- Opening Delimiter -

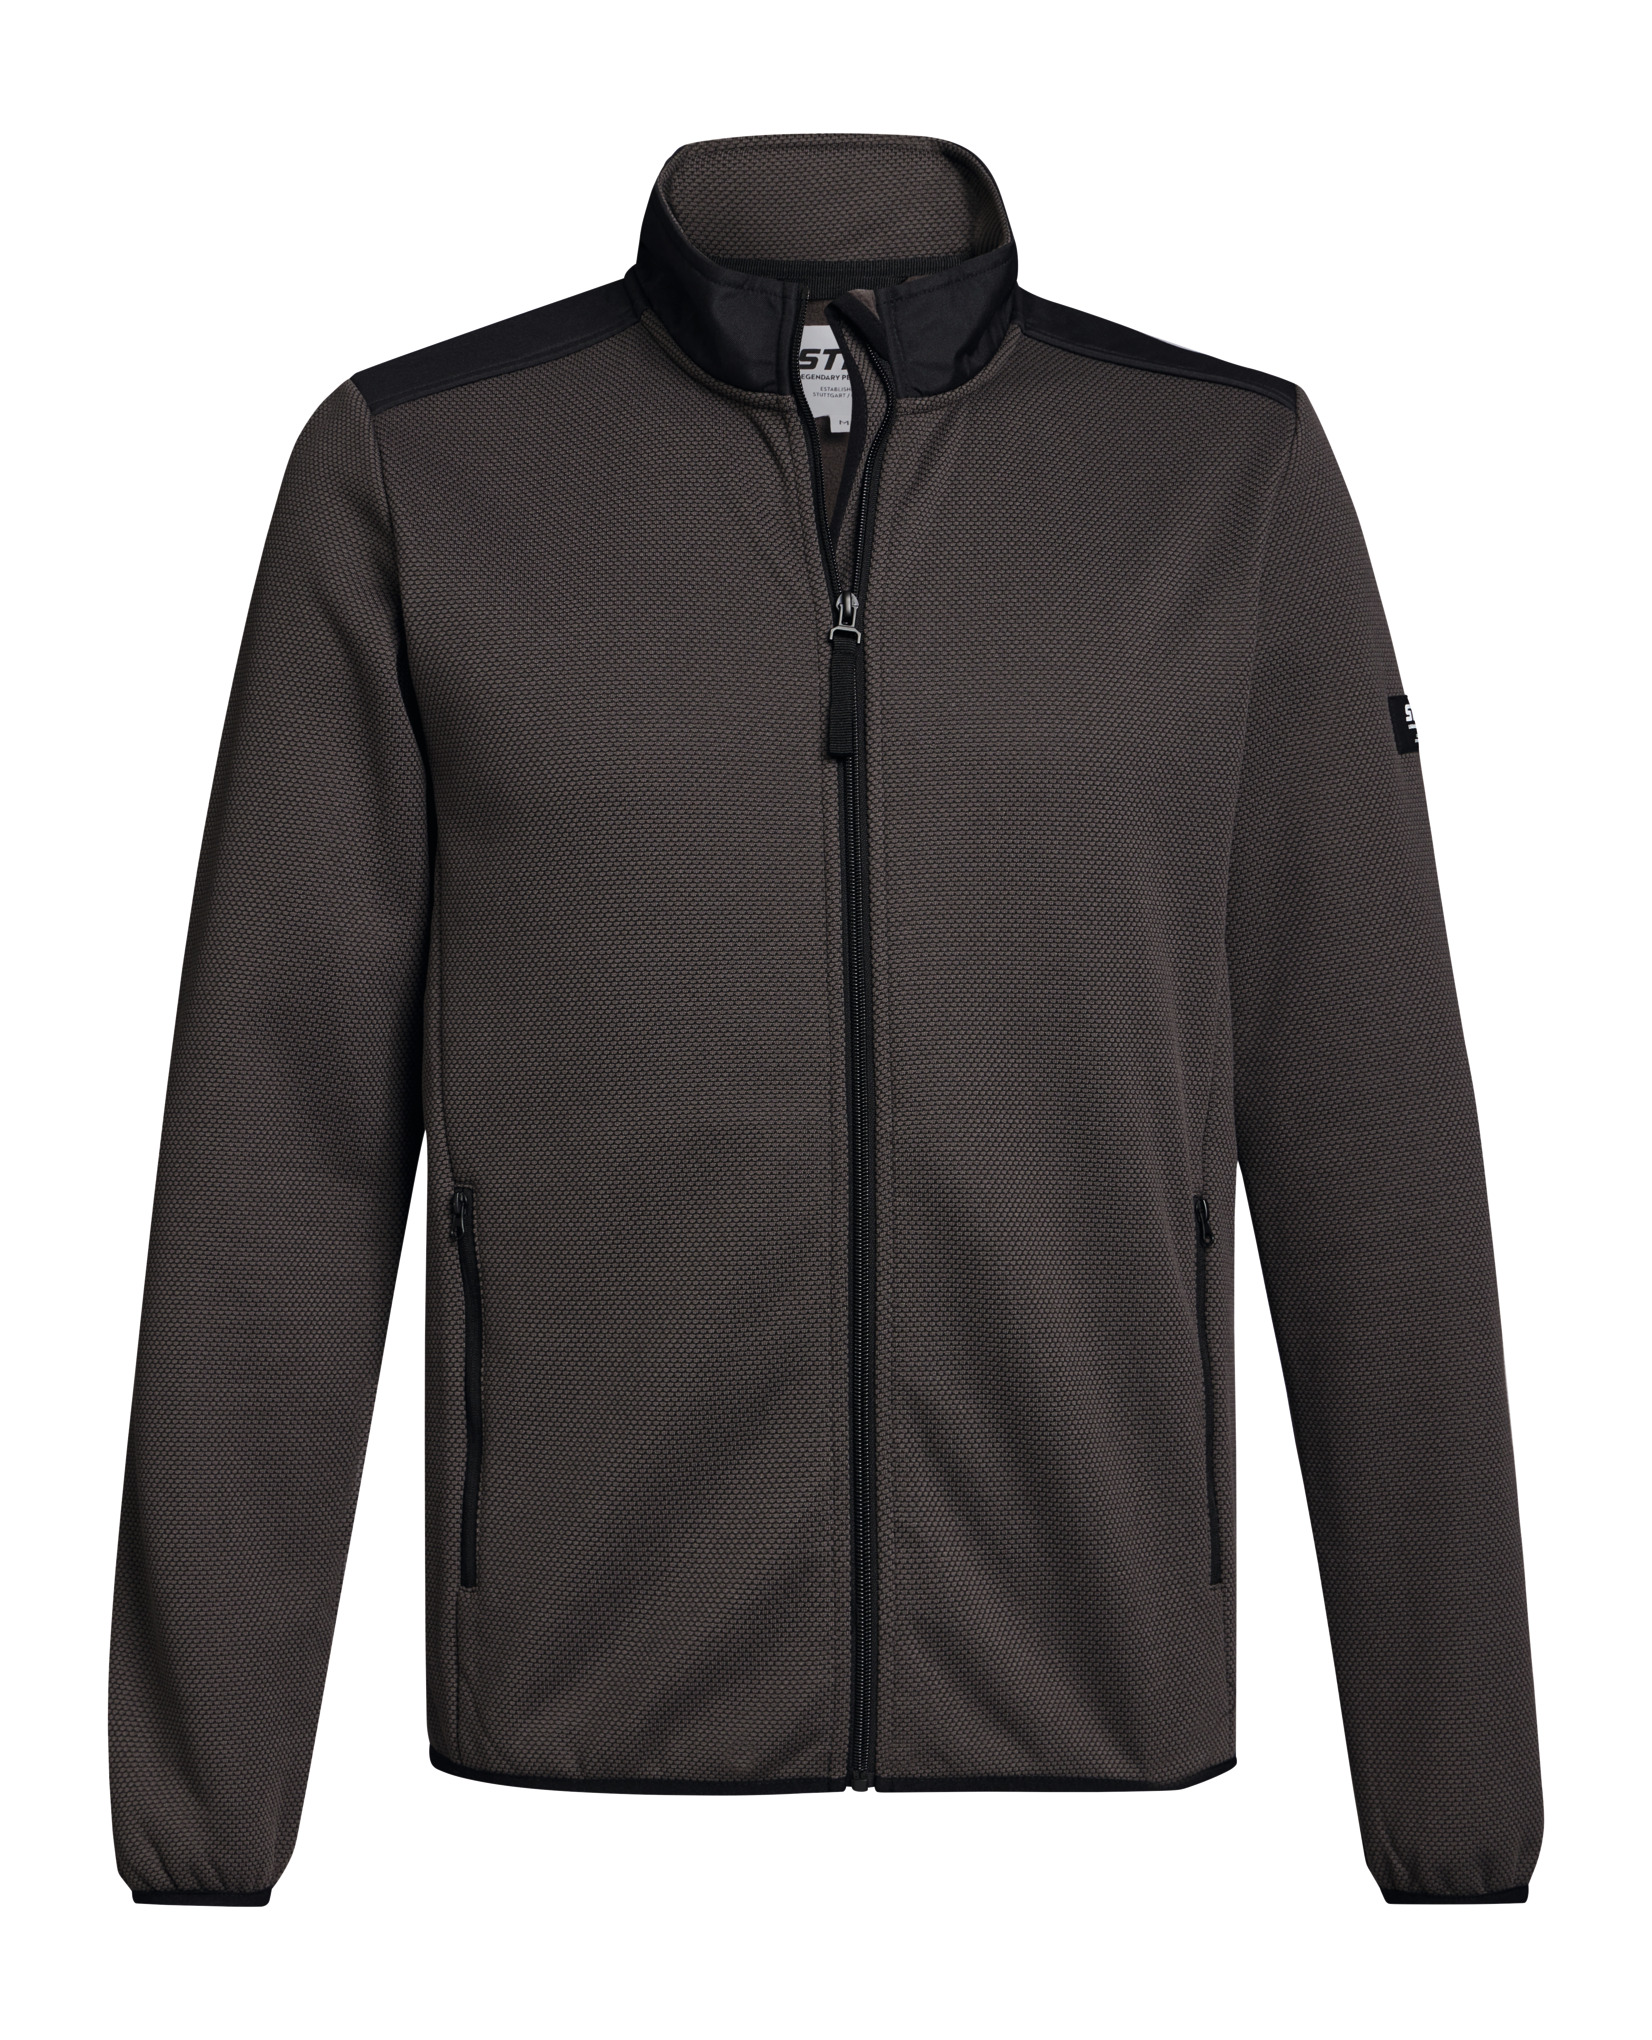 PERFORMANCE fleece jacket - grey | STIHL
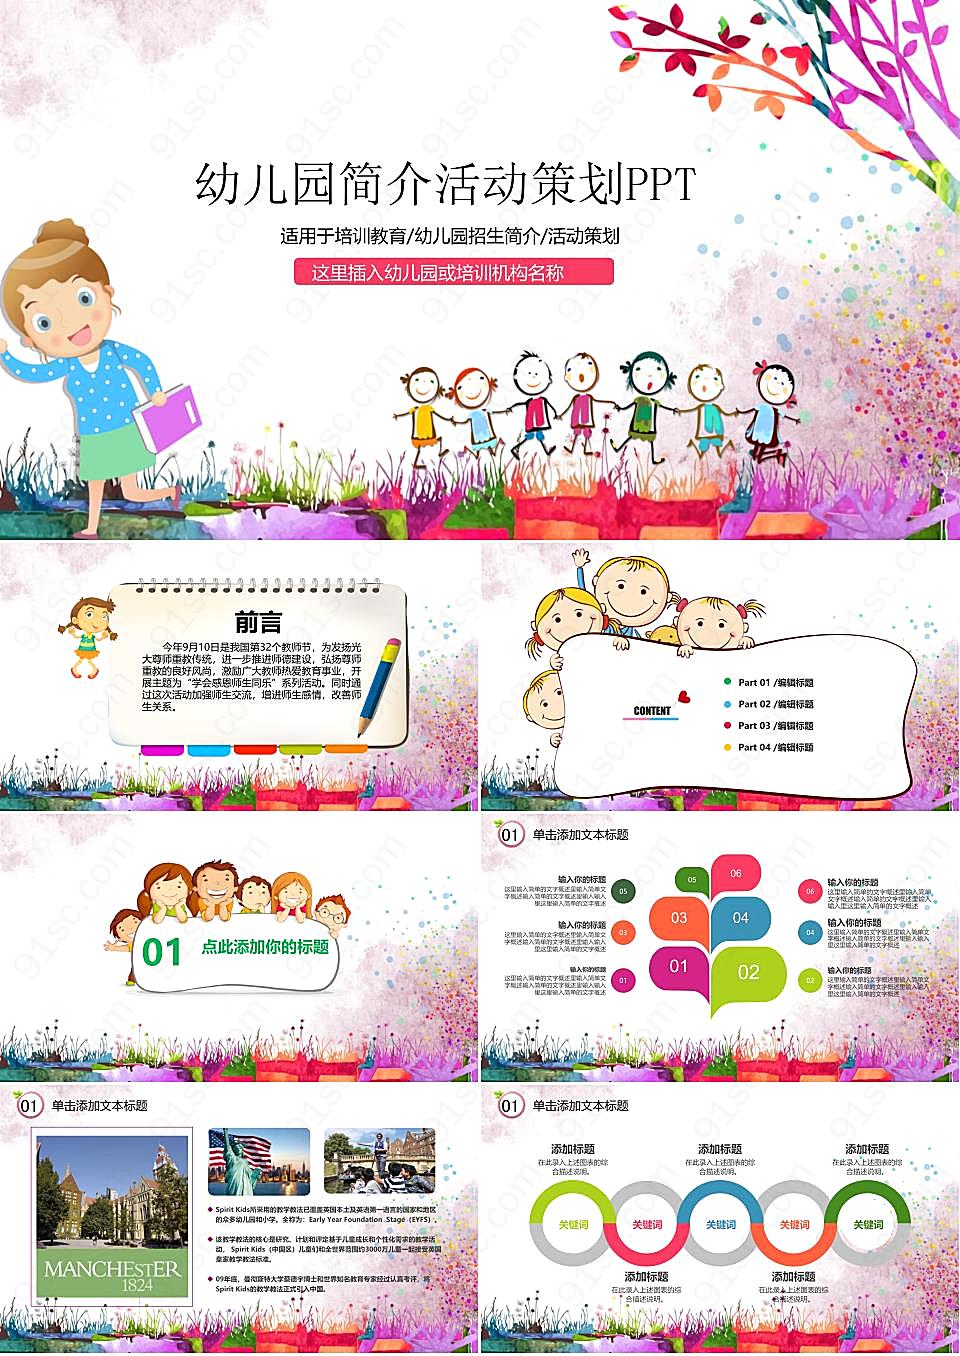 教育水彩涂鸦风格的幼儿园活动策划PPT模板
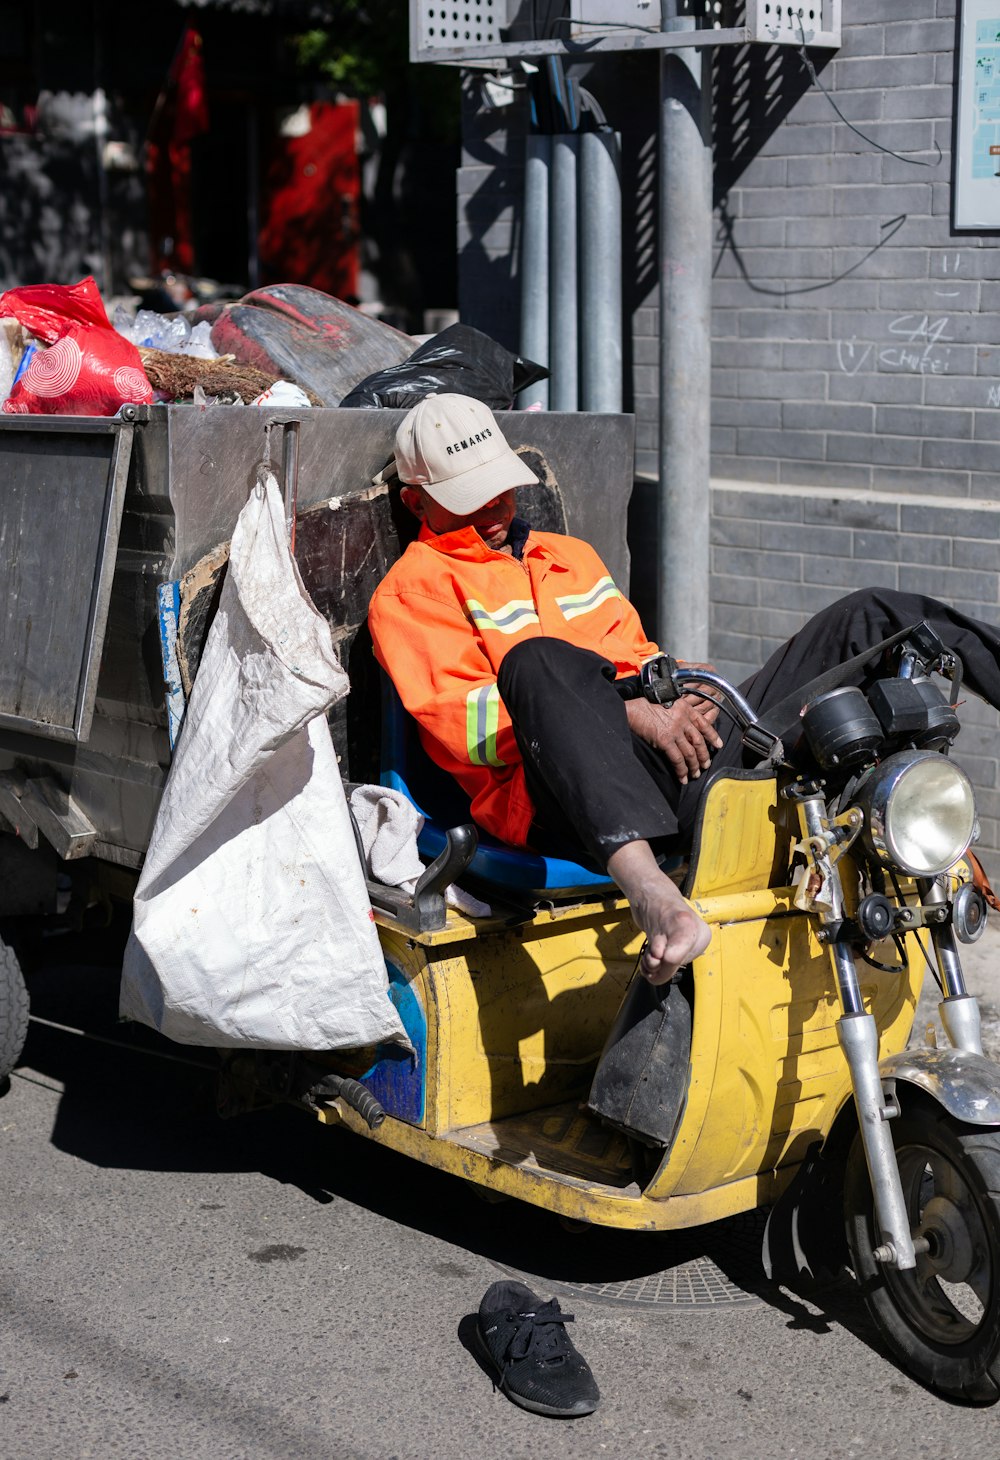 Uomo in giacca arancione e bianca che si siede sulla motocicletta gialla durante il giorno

- Closing Delimiter -

* [Task description]:
Write the listing out exactly, word for word, but omit the pictures.

* [Reply to the task]:
 PERFORMANCE fleece jacket - grey | STIHL
 教育水彩涂鸦风格的幼儿园活动策划PPT模板
 Uomo in giacca arancione e bianca che si siede sulla motocicletta gialla durante il giorno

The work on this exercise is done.